The equation expressing the Ohm’s law is as follows: 

E=IR

Here, E= Voltage 

I=Current 

R= Resistance

Kirchhoff’s Laws

Two laws of Kirchhoff’s define the circuit theory, these are as follows:

First Law of Kirchhoff or the Kirchhoff’s Current Law: This law of Kirchhoff defines the Conservation of Charge and can be represented with the following equation:

IENTERING+ IEXIT= 0

Second Law of Kirchhoff’s Kirchhoff’s Voltage Law: This law of Kirchhoff defines the Conservation of Energy and can be represented with the following equation:

∑∆V=0

∆V= Potential difference 

Wheatstone Bridge

It is a device by which we determine the resistance of an unknown resistor. This Wheatstone bridge comprises four arms (the resistors). The ratio of any two resistors remains constant while the other two have to be balanced. One of these arms is unknown. By using the formula for the Wheatstone bridge, we can determine the resistance of this unknown resistor. Metre Bridge and Wien bridge are based on the principle of Wheatstone bridge.

Wheatstone Bridge Derivation

To get Wheatstone bridge derivation assumes a given Wheatstone bridge consisting of 4 resistances in an arm of a parallelogram (say ABCD). We use a cell in this arrangement. 

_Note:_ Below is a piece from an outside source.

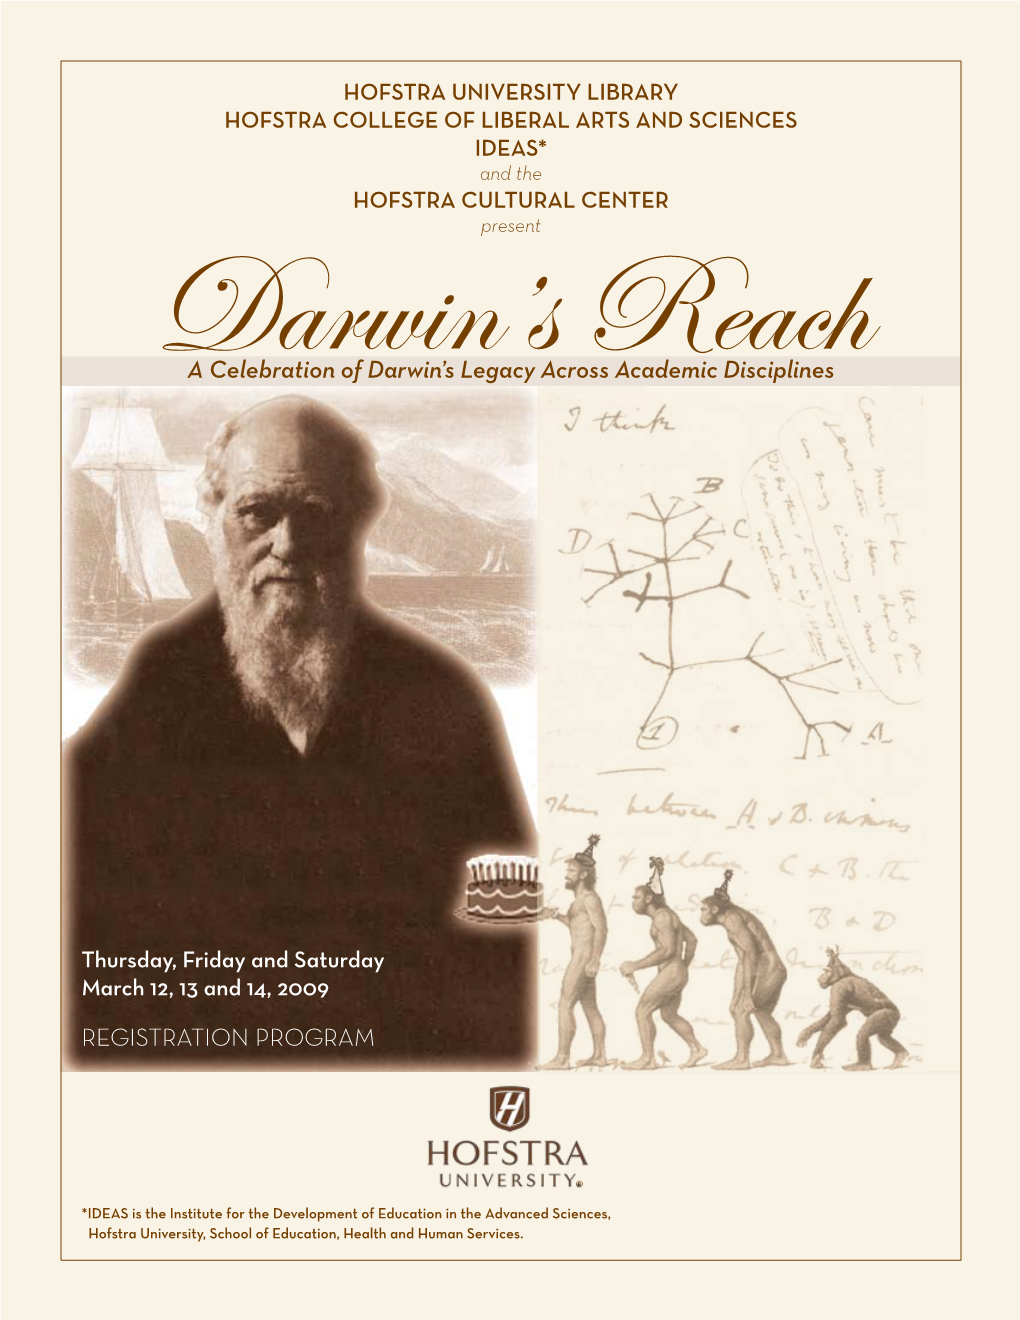 A Celebration of Darwin's Legacy Across Academic Disciplines

On pressing a key (say k1), i Ampere current starts flowing through it. The current will further divide into two parts, i1 and i2, at a point (say A). The four resistances (say P, Q, R, and S) are arranged so that the bridge remains balanced on pressing the other key (say k2), which means there is no deflection in the arm of the galvanometer. When we press the other key, k2, there will be no current in the arm (say BD).

By Kirchhoff’s Voltage Law

In the given closed mesh, ABDA (half of the parallelogram),

-i1P +i2=0

i1P=i2R (Equation 1)

Similarly, in the other closed mesh BCDB,

i1Q=i2S (Equation 2)

On dividing the equations, we get, 

P/Q= R/S

This equation is for a balanced Wheatstone bridge.

Solved Questions on Wheatstone Bridge

Q 1- In a given Wheatstone bridge, the resistance P is 10 Ω, Q is 100 Ω, and R is 20 Ω. Determine the value of S if the galvanometer shows zero deflection (balanced state).

Solution:

Using the formula of Wheatstone bridge as derived above:

P/Q= R/S

10/100= 20/S

=200 Ω

Answer: The value of S, when the Wheatstone bridge shows zero deflection, will be 200 Ω.

Q 2- Determine the value of ‘a’ for a given balanced Wheatstone bridge for which the values are as follows:

P= 400 Ω, Q= 800 Ω, R=a+200 and S=1000 Ω. 

Solution:

Using the formula of Wheatstone bridge as derived above:

P/Q= R/S

400/800= a+200/1000

400 ×1000/800= a+200

a+200=500

a=500-200

a=300 Ω

Answer: The value of ‘a’ for a given balanced Wheatstone bridge is 300 Ω. 

Q 3- Determine the value of S in a given Wheatstone bridge showing zero deflection with values P=100 Ω, Q=40 Ω and R=20 Ω.

Solution:

Using the formula of Wheatstone bridge:

P/Q= R/S

100/40=20/S

40×20/100=S

S=8 Ω.

Answer: The value of S in a given Wheatstone bridge showing zero deflection with values P=100 Ω, Q=40 Ω and R=20 Ω will be 8 Ω.

Conclusion

Circuit theory defines the flow of techniques of electric current in the given circuit. Ohm’s law and Kirchhoff’s laws are the basis of defining this circuit theory. These laws derive the relationship between resistance, electric current and voltage. The equation expressing Ohm’s law is E=IR. 

The Wheatstone bridge, comprising four resistors, is used to determine the resistance of any unknown resistors. This Wheatstone bridge comprises four arms (the resistors). The ratio of any two resistors remains constant while the other two have to be balanced. P/Q=R/S equation is not for an unbalanced Wheatstone bridge.